Storytelling subverts power when it eschews persuasion. A story that embraces ambiguity, that acknowledges complexity and admits multivalent readings is a story which confers dignity on the reader. It grants to the reader the freedom to discover for herself what meanings may lie within this narrative space the author has birthed. An intrusive author reveals insecurity in his artistic powers.
Religious Persuasion
In an early chapter, Soyinka asks why, during the Vietnam War, nobody tried to draw the whole world into the conflict by, say flying airplanes into buildings in New York City or by blowing up trains in Spain. He tacitly answers this question in the final chapter, titled “I am right; you are dead,” by observing that the Vietnam War concerned a secular ideology. There is a qualitative difference between communist fanatics and religious fanatics. Secular ideologies are grounded in reason, and so will come up against facts that cannot be refuted. The collapse of the Soviet Union is one such fact. But religious ideologies are grounded in an all-knowing, all-seeing, invisible being whose existence is impossible to refute. As a consequence, there is no reason to suppose that such an ideology’s monologue won’t go on forever, no matter how vile.

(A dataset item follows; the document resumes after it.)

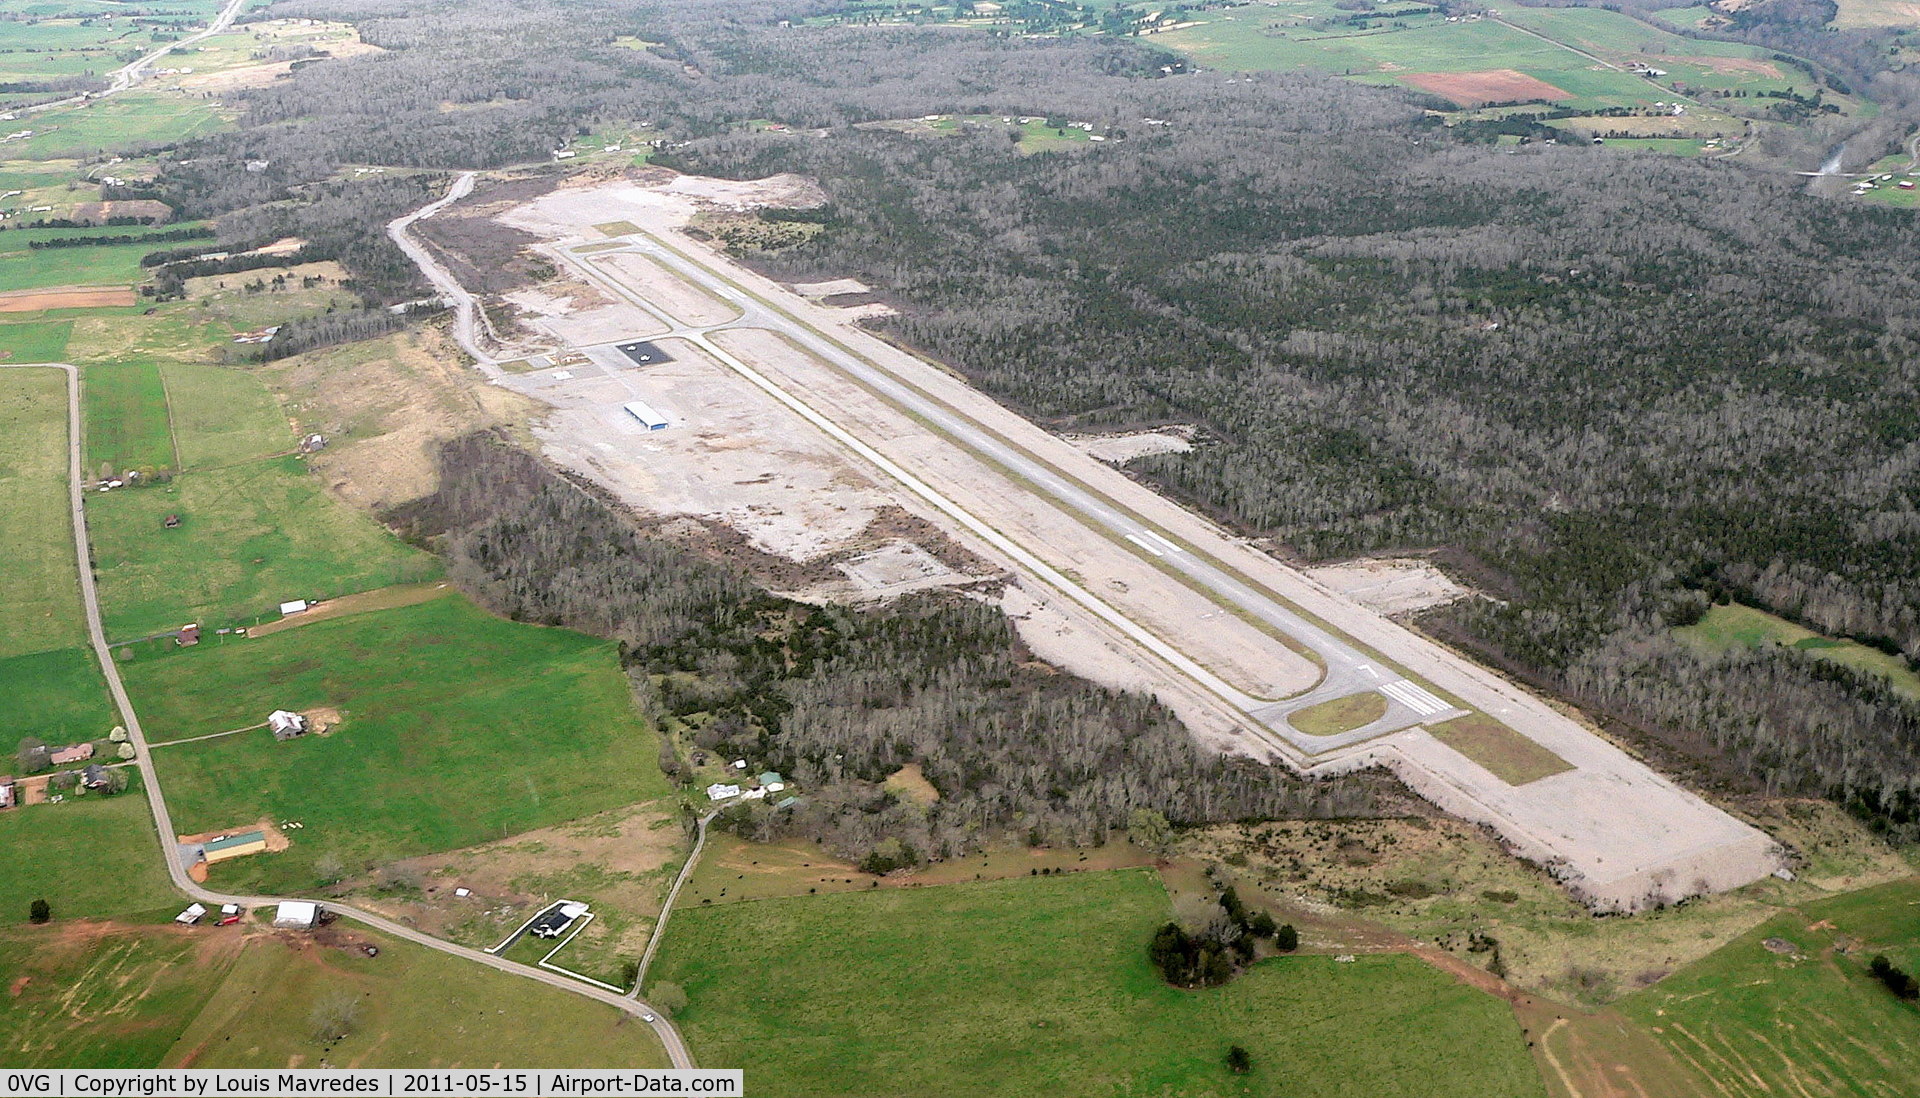 Lee County Airport (0VG) - Lee County/Jonesville, Va. Airport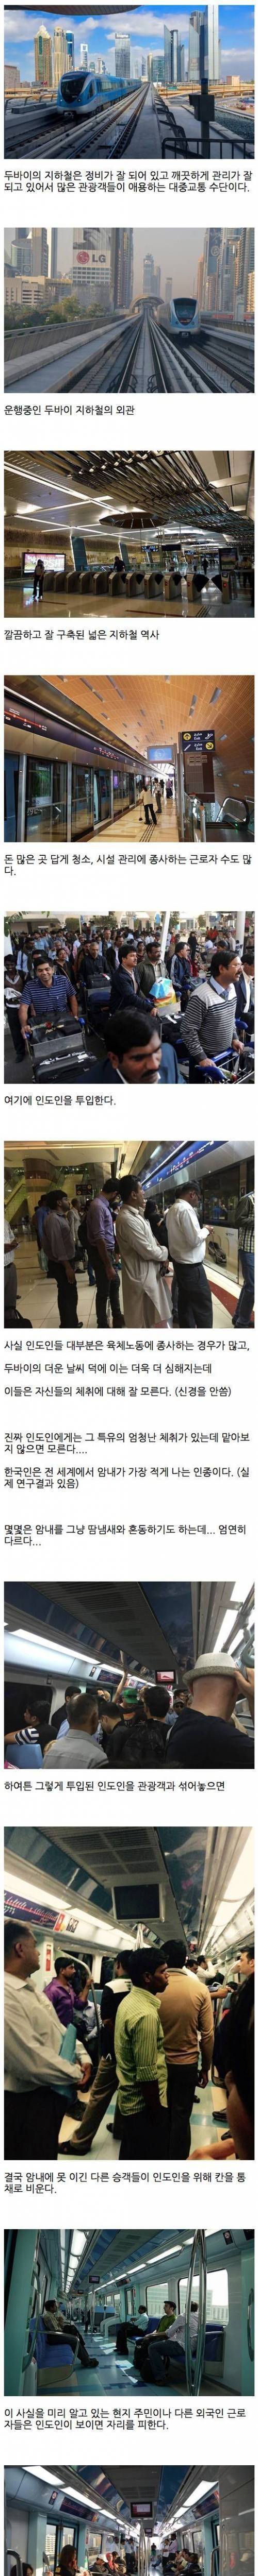 두바이 지하철에 인도인이 많은 이유 그리고 암내

There is an analogous distinction between the secular persuasion of the academic, which claims an objective and therefore universal point of view and seeks to allow truth to reveal itself on its own terms, and the religious persuasion of the cleric, which claims a subjective (god being the subject) although equally universal point of view and seeks to convert the listener to the truth already embedded in that point of view. In both instances of persuasion, there is the danger that that act of persuasion will be used to assert dominance in a power relationship (but that is easier to counter in the case of an academic).
Storytelling can serve to inoculate us against the poisonous impulse to dominate by offering alternatives to the monologues of persuasion and conversion. Stories can erase power from the author/reader (teller/listener) relationship when they speak to us with compassion and empathy, humour and insight, humility and longing, and with respect for that most elusive of qualities: our innate love of beauty.